* **Action item**
An exact repeat is needed of the lines from the one with "Bordeaux - Garnet earrings" through the last line of the data below. Please omit the pictures.

* **Provided material**
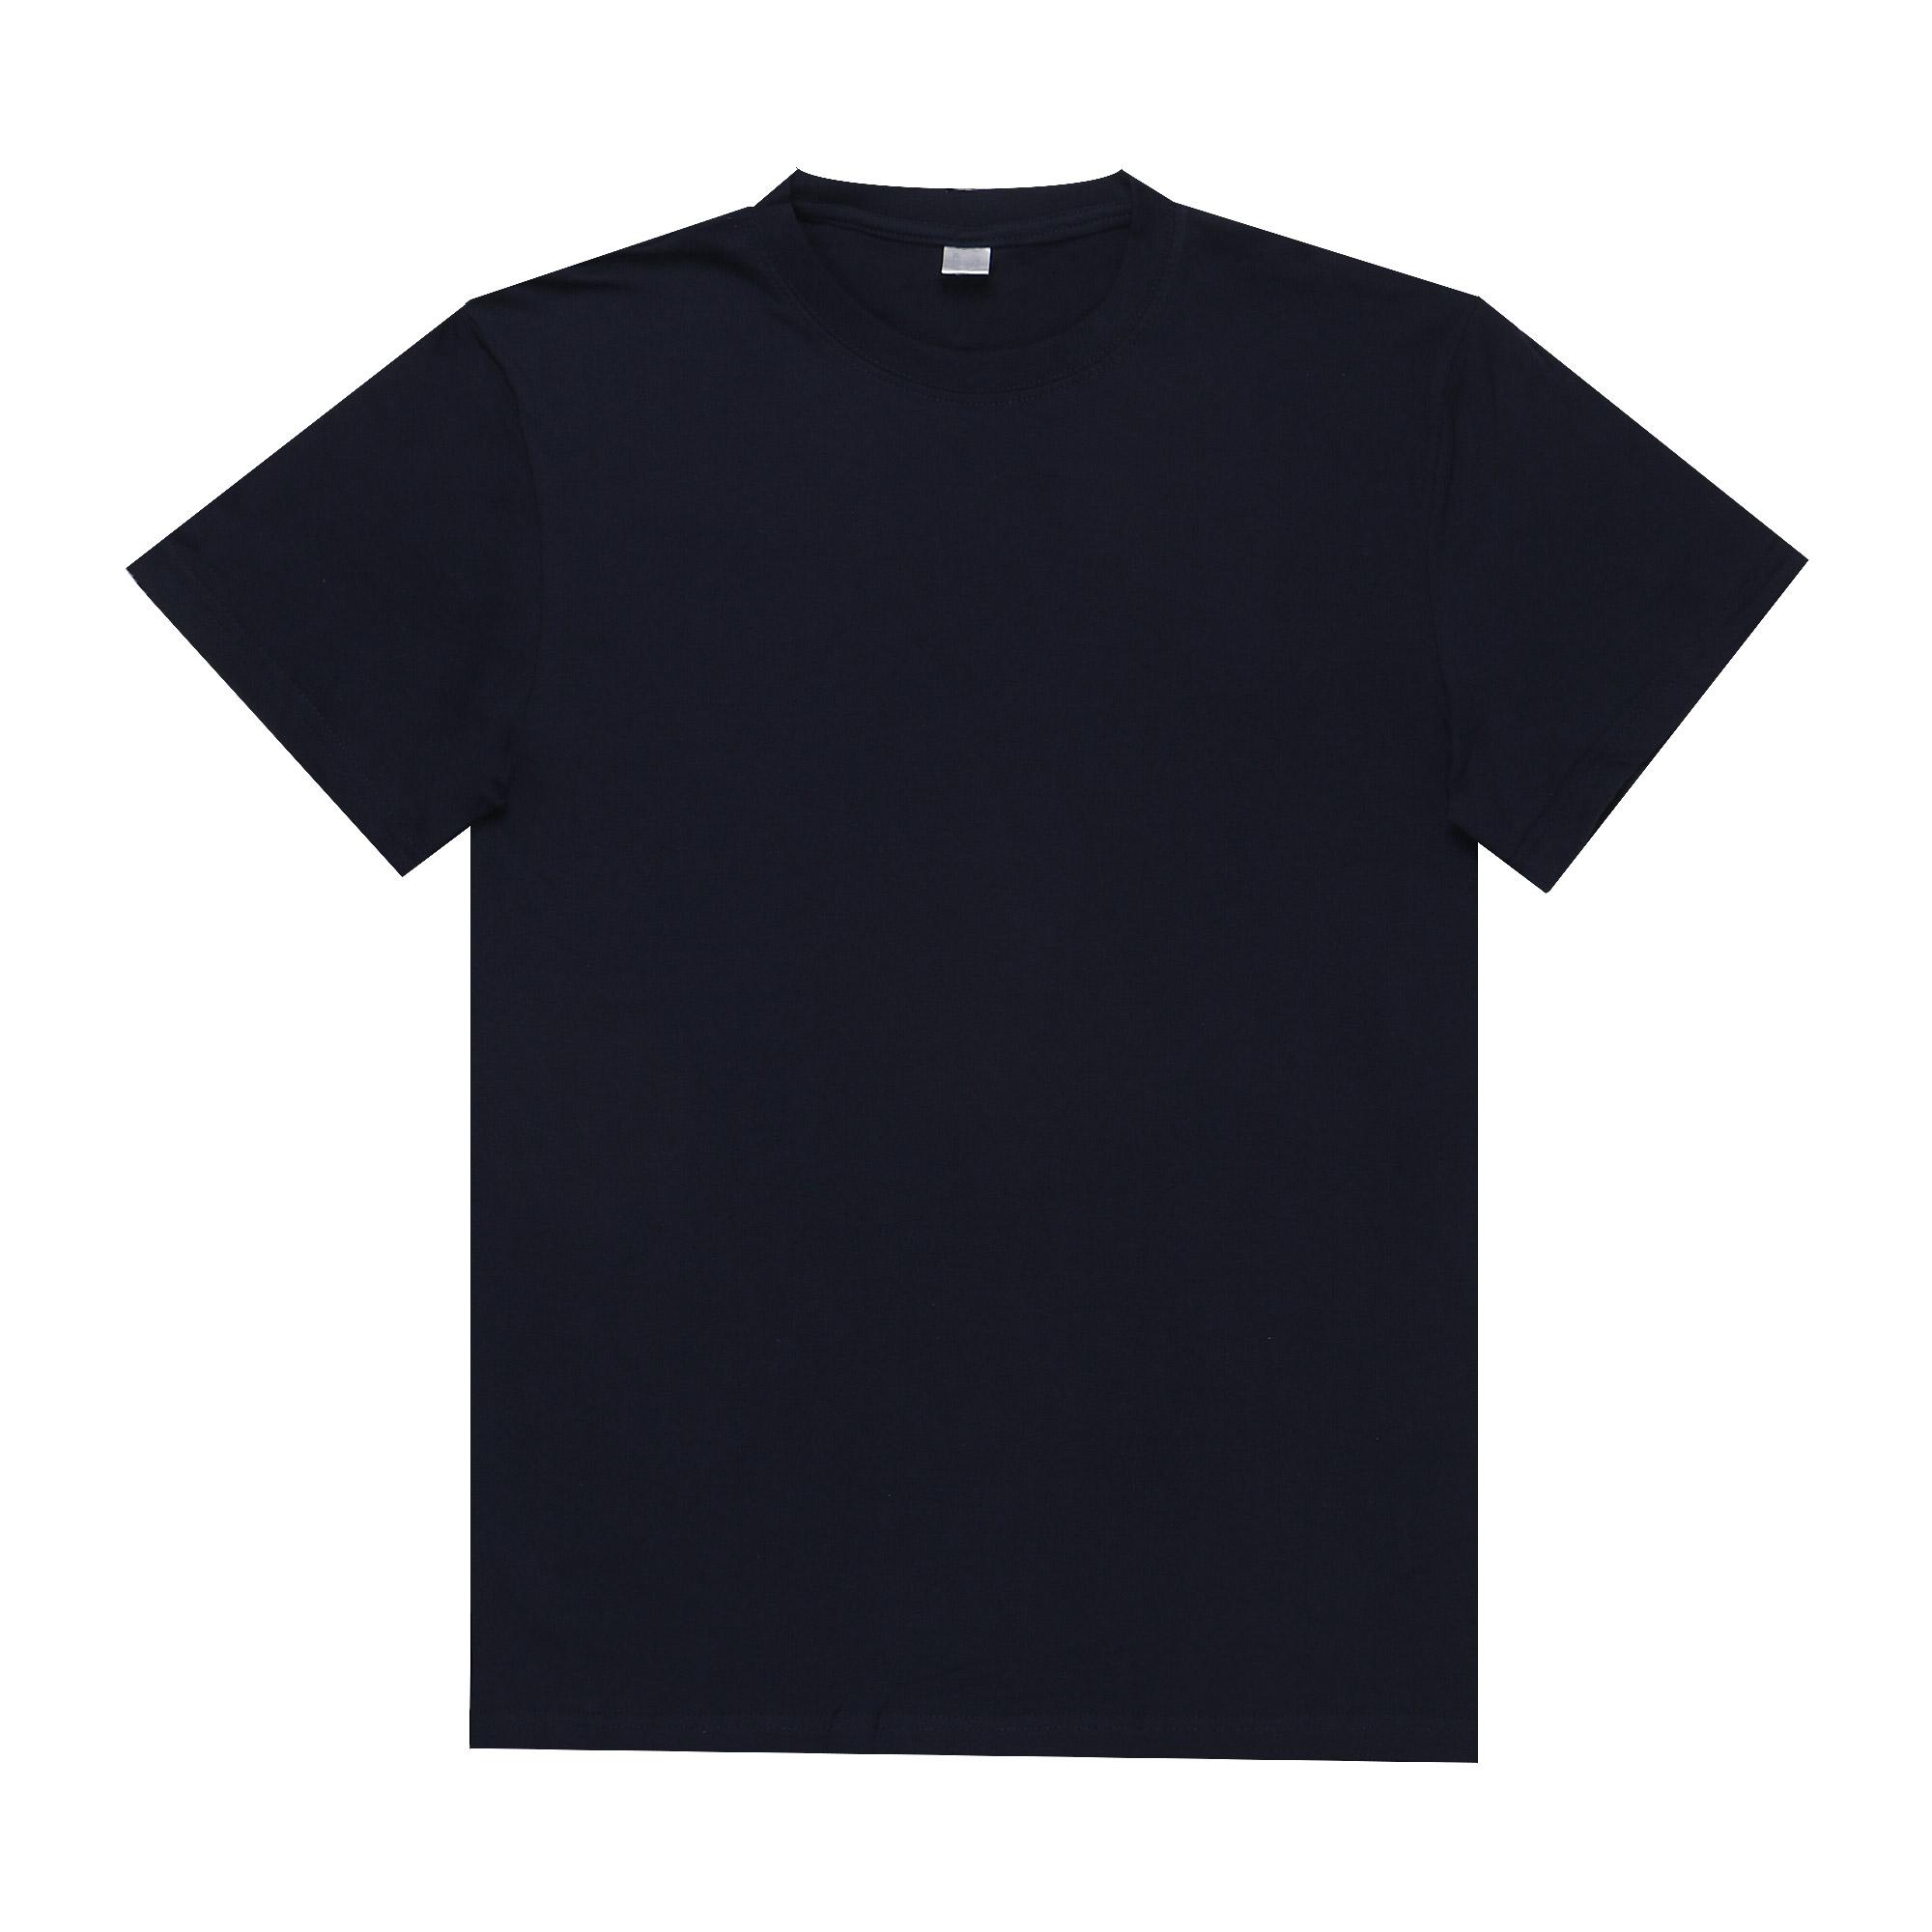 Футболка мужская M-1 Promo темно-синяя с коротким рукавом XXL
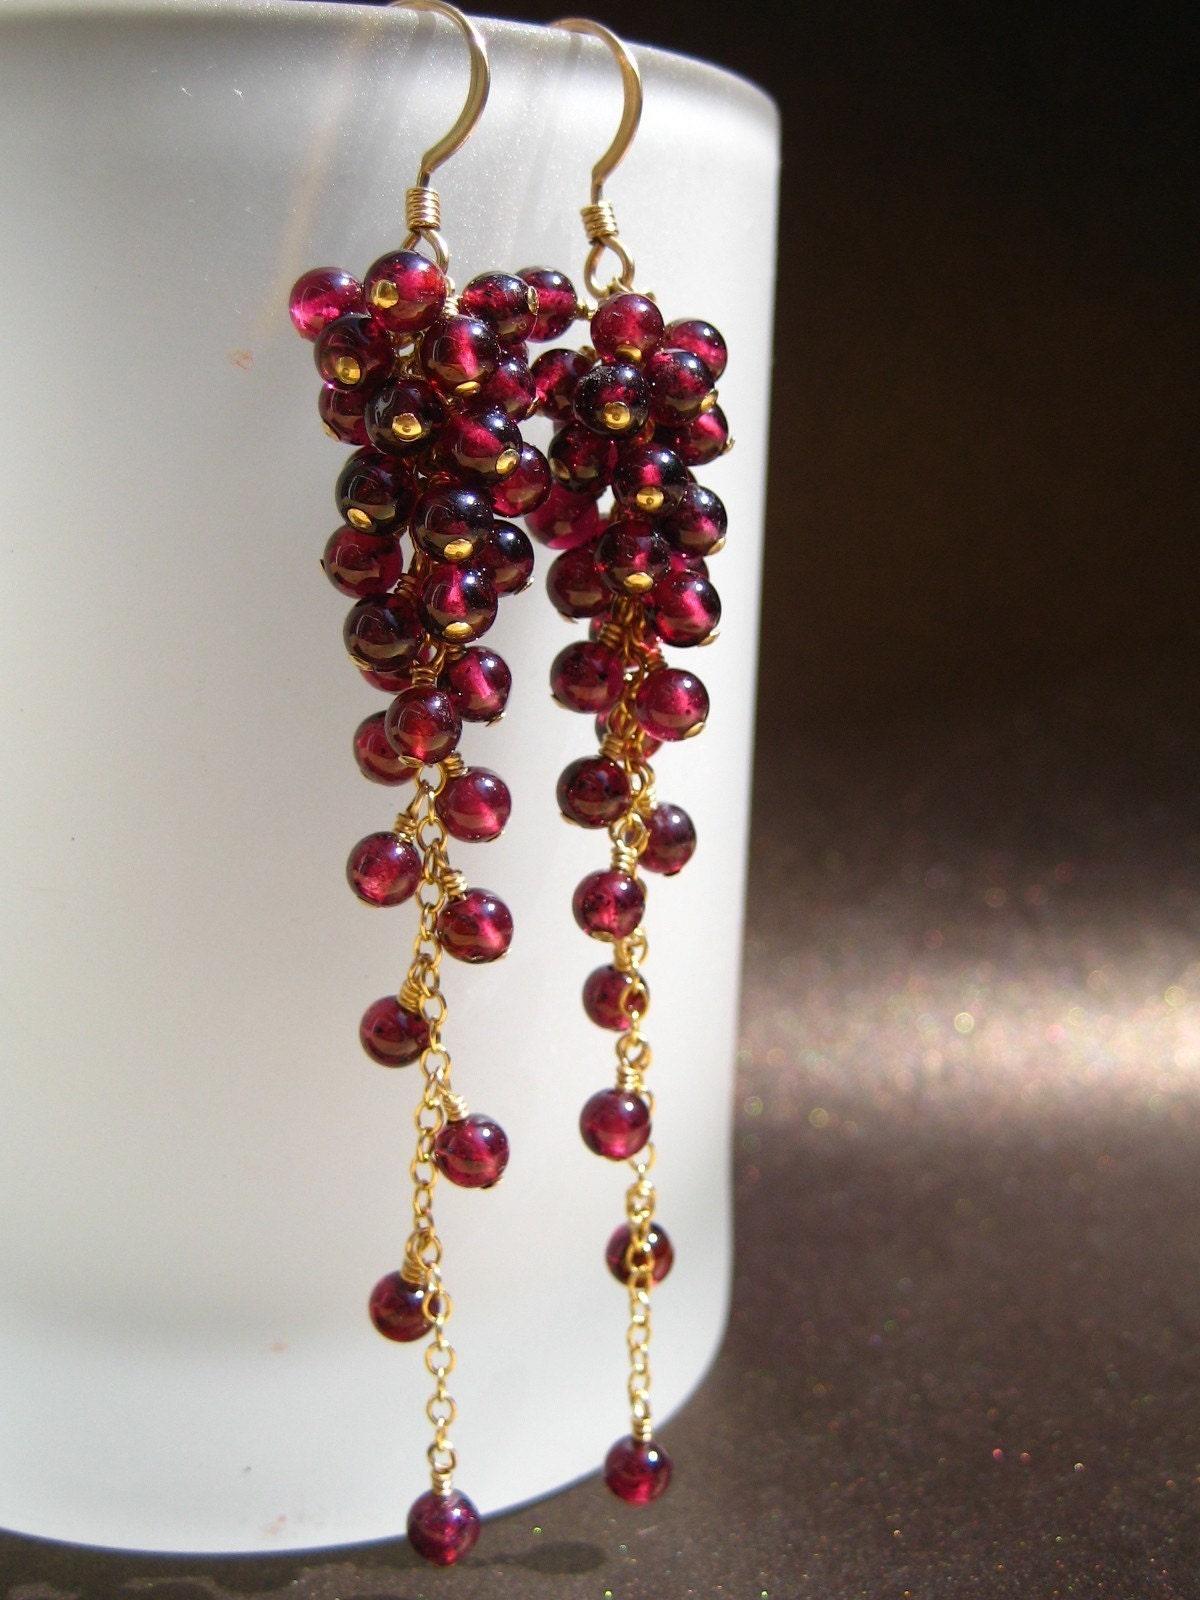 Bordeaux - Garnet earrings
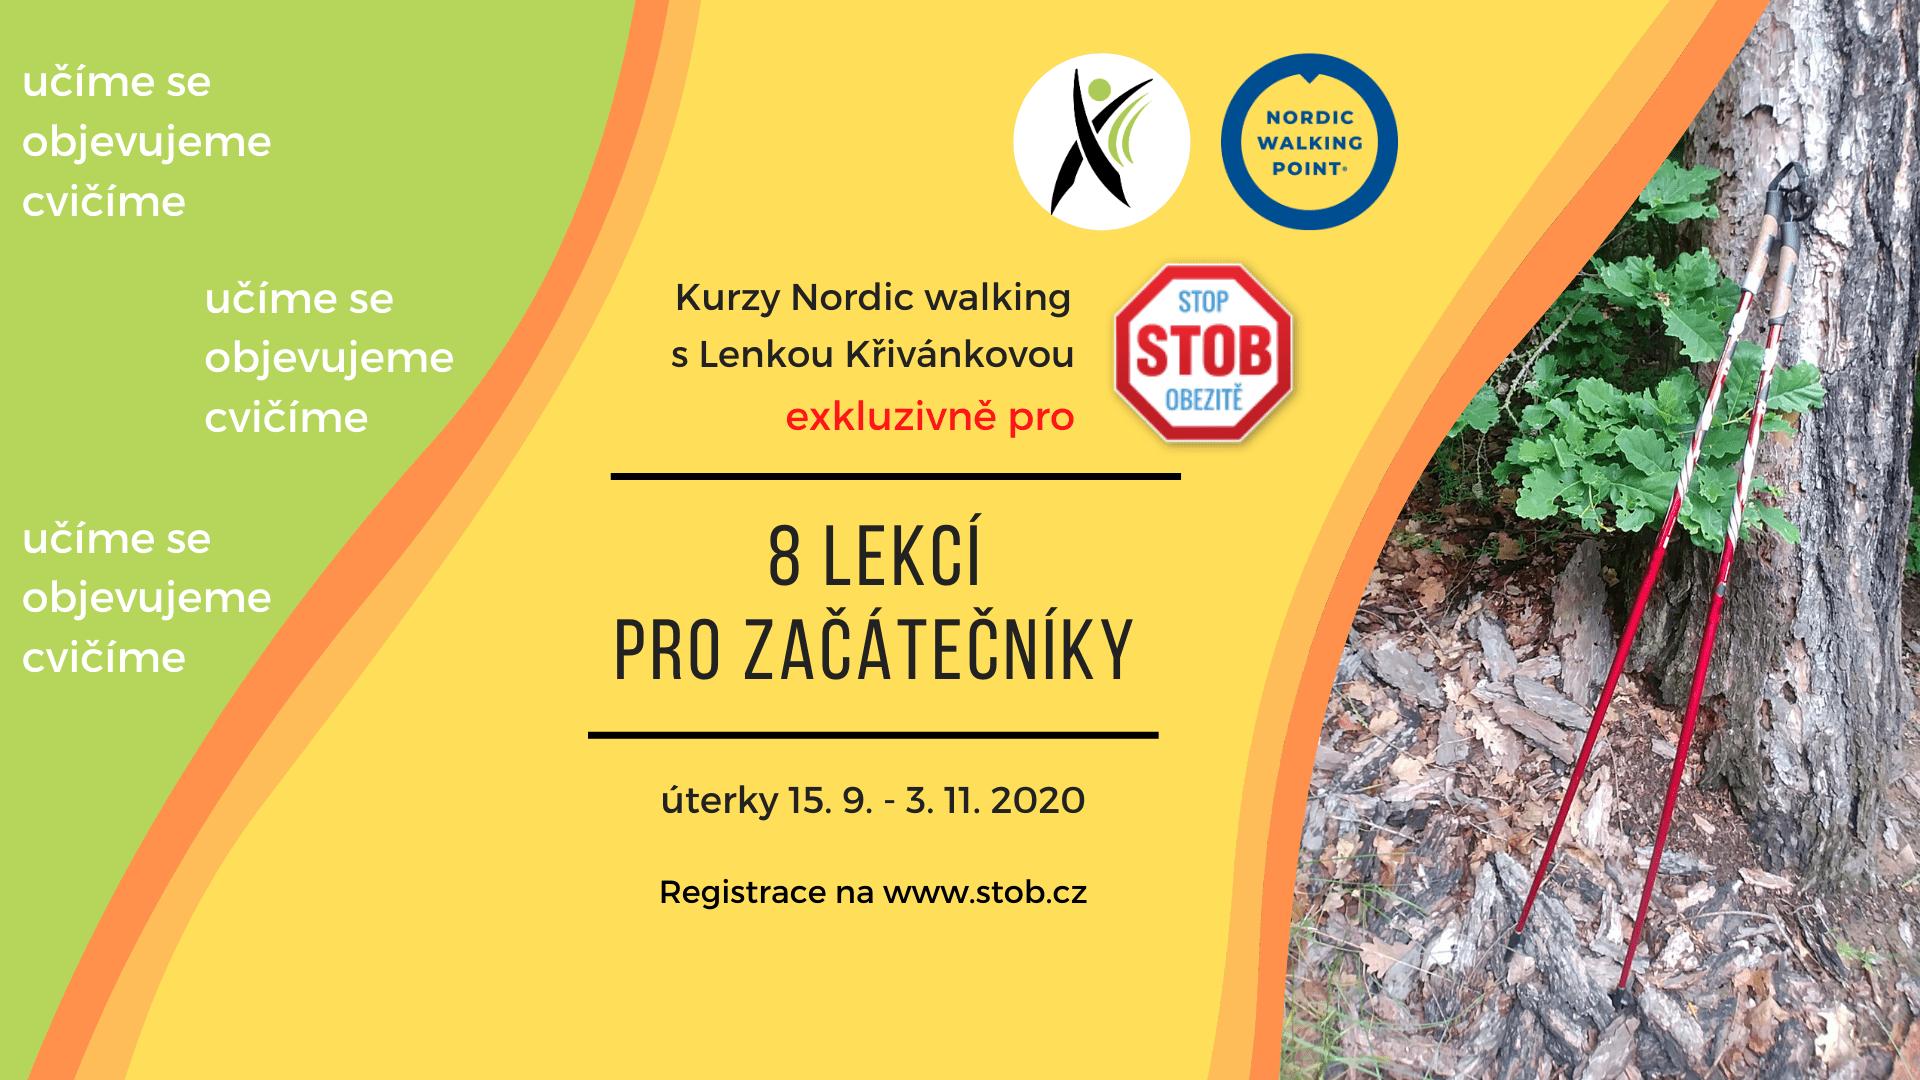 Podzimní kurz nordic walking pro úplné nováčky, exkluzivně pro STOB - Stop obezitě! Objevte pohyb, u kterého (konečně) vydržíte :) Pojďte se zdravě hýbat se zkušenou instruktorkou Lenkou Křivánkovou v královské Oboře Hvězda v Praze 6-Liboci!

* **Result**
 Bordeaux - Garnet earrings
 Podzimní kurz nordic walking pro úplné nováčky, exkluzivně pro STOB - Stop obezitě! Objevte pohyb, u kterého (konečně) vydržíte :) Pojďte se zdravě hýbat se zkušenou instruktorkou Lenkou Křivánkovou v královské Oboře Hvězda v Praze 6-Liboci!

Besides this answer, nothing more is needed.